To: kingfisher who wrote (22781)9/19/2007 5:59:41 AM
From: TobagoJack  Read Replies (1) | Respond to of 217574
 
now that maestro al greensputin has spoken, we can take the contrary position and rest easy, since the man is an all-knowing fool



To: kingfisher who wrote (22781)9/19/2007 6:37:16 AM
From: elmatador  Respond to of 217574
 
The strength of the US is not the constitution! It is the strengths of the Robber Barons! It is the guys who go out in front and try the new, sometimes assaulting the law here and there. It is guys who built monopolies that later on had to be dismantled!
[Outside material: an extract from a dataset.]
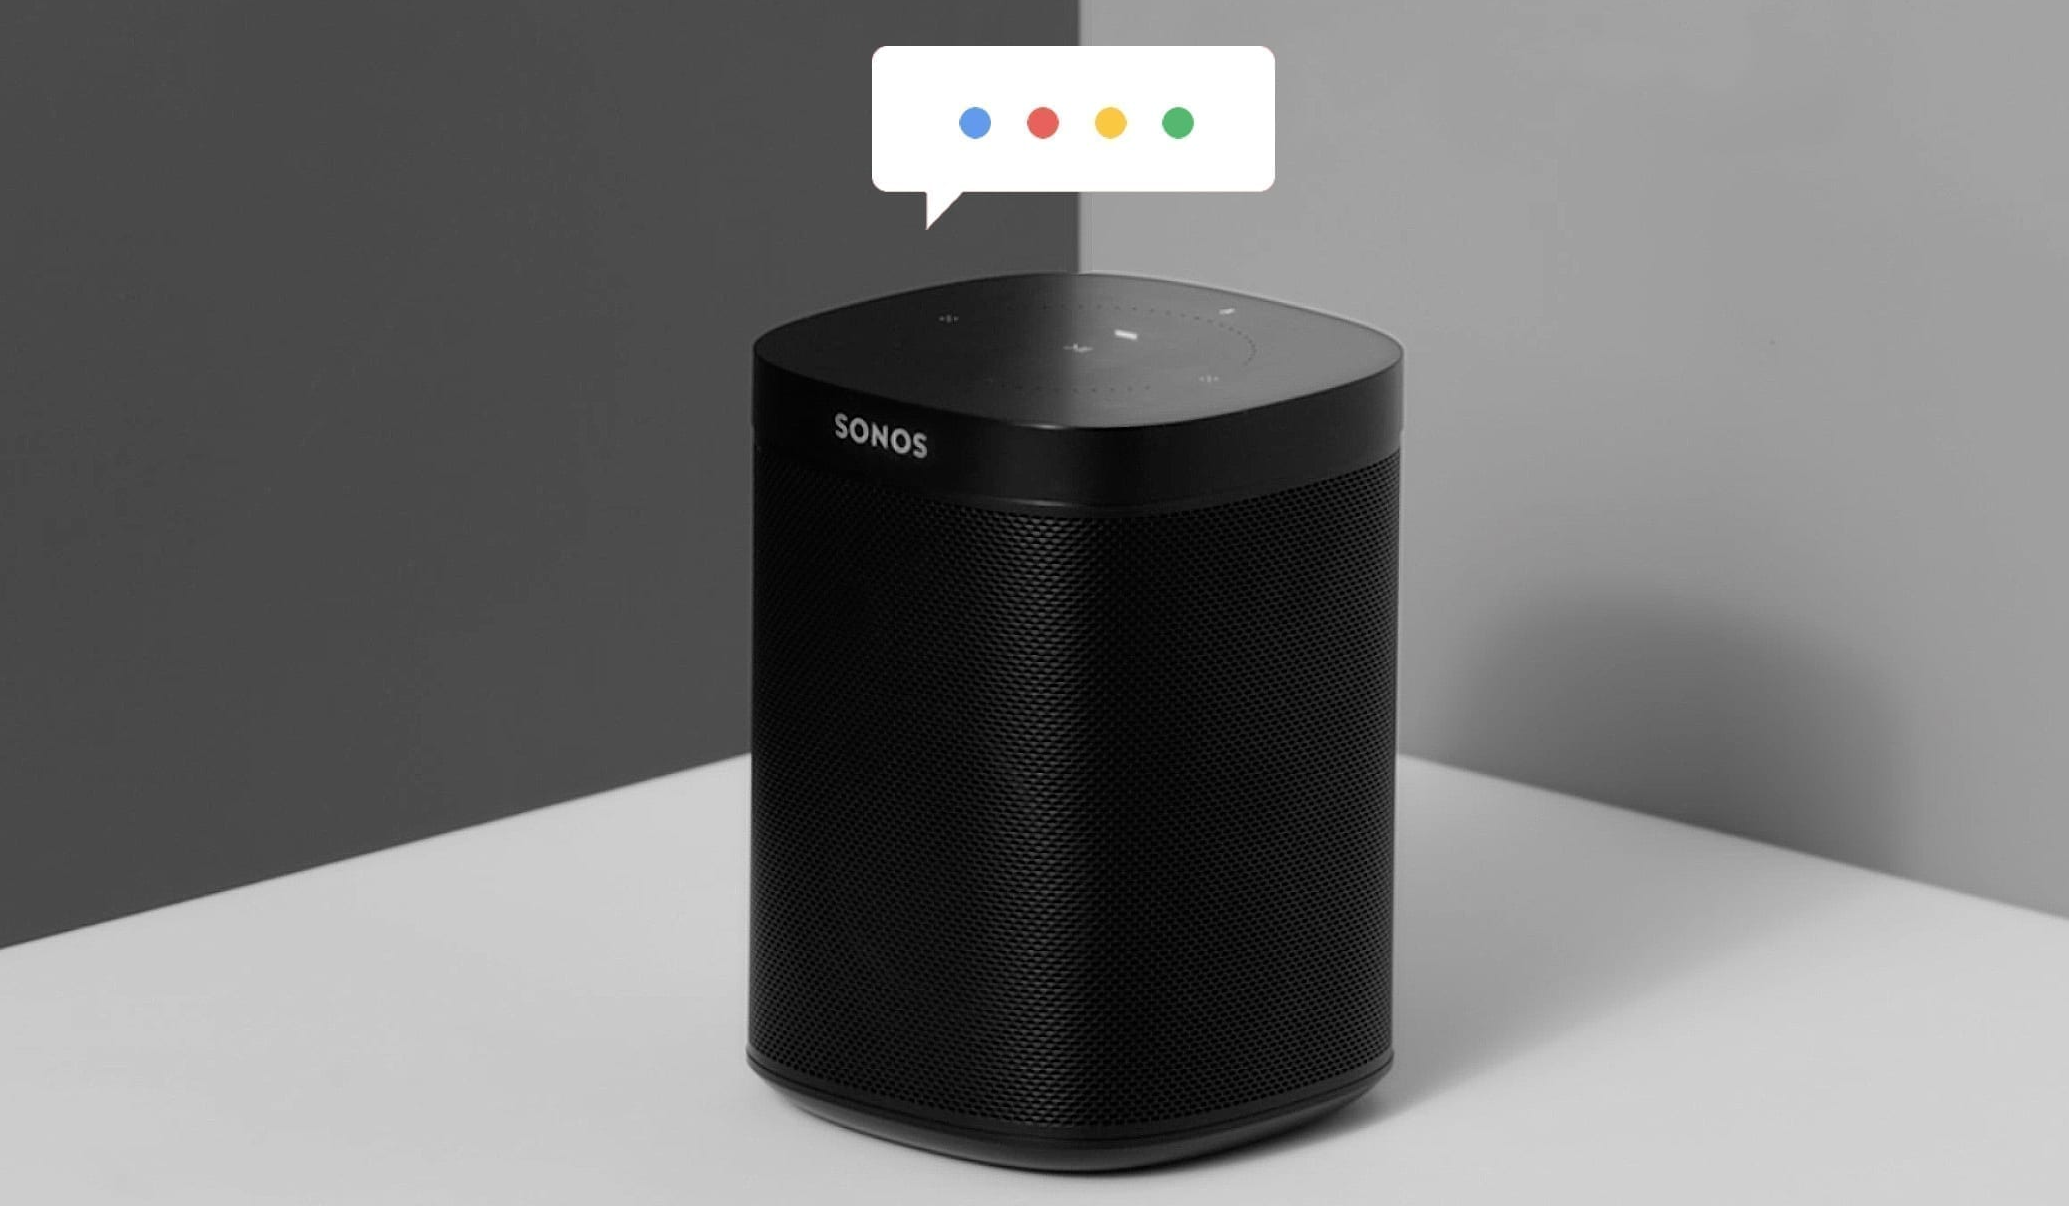 Sonos Google Assistant update

It is guys who went out and bought good behavior of dictators! Those who used deception and who devised coup d'etats. Those are the heroes that must be sung!
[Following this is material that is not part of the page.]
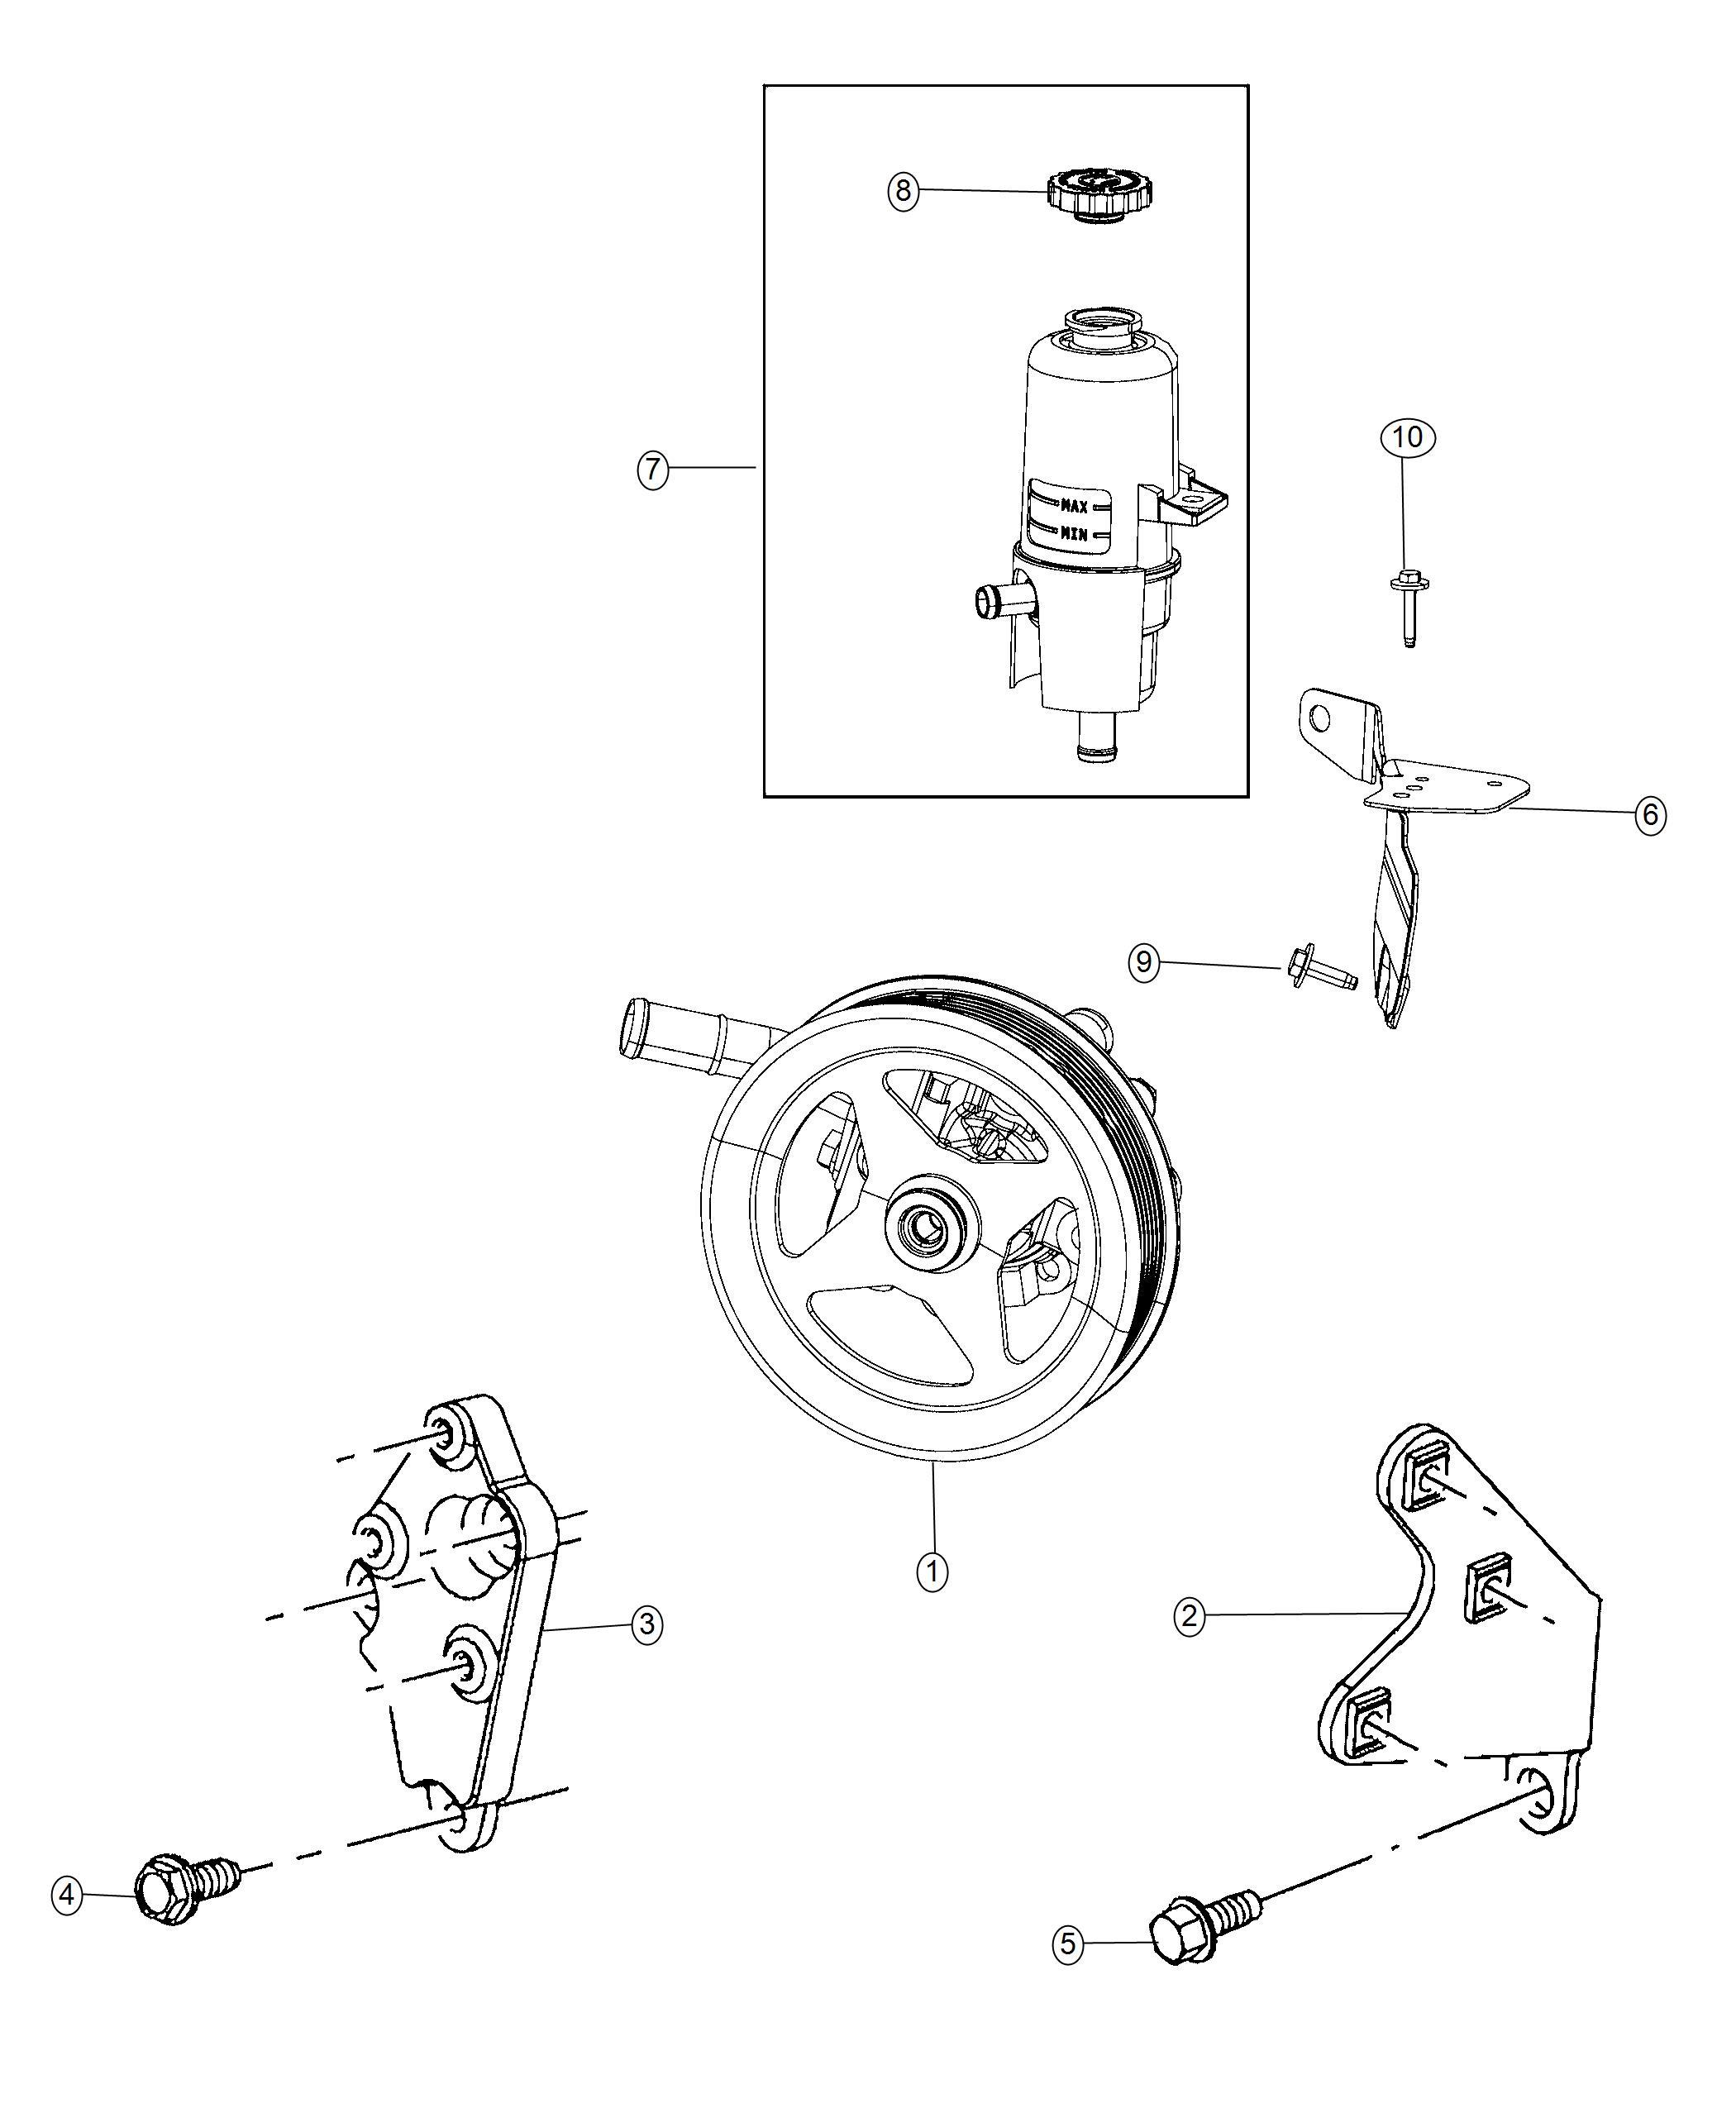 Ram Reservoir Power Steering Fluid

Those are the strengths that built the US. Of course it is necessary to teach the elementary school kids talking about constitution and all that



To: kingfisher who wrote (22781)9/19/2007 1:14:00 PM
From: elmatador  Read Replies (1) | Respond to of 217574
 
Mr. Marcus Gee writes:

Greenspan acknowledges de Soto in his book, so I think he's in the clear.

Marcus Gee

--------------------------------------------------------------------------------
From: ]
Sent: Wed 19/09/2007 6:49 AM
To: Gee, Marcus
Subject: Greenspan Plagiarism

de Soto explained in his 1986 book The Other Path, these de facto owners were locked out of the formal, legal economy—and that was the root of the problem. "They have houses but not titles; crops but not deeds; businesses but not statutes of incorporation."

Compare with what Greenspan wrote:
Mr. Greenspan notes that despite three decades of reform, Chinese farmers still do not own the land they till. They can lease it and take their produce to market, a huge improvement over the days of Mao-era collective farms, but they cannot buy or sell it or use it as collateral to secure a loan.
This handicap - a lack of access to capital - keeps hundreds of millions of peasants trapped in poverty on the farm while the urban middle-class thrives. "Granting legal title to peasant land could, with the stroke of the pen, substantially narrow the wealth gap between urban and rural residents," Mr. Greenspan writes. As it is, there are thousands of protests in China every year, many of them by peasants evicted from their land for urban expansion or factory construction.

Thsi is plagiarism.

Perhaps he he's eyeing a couple of hundred million Chinese going subprime!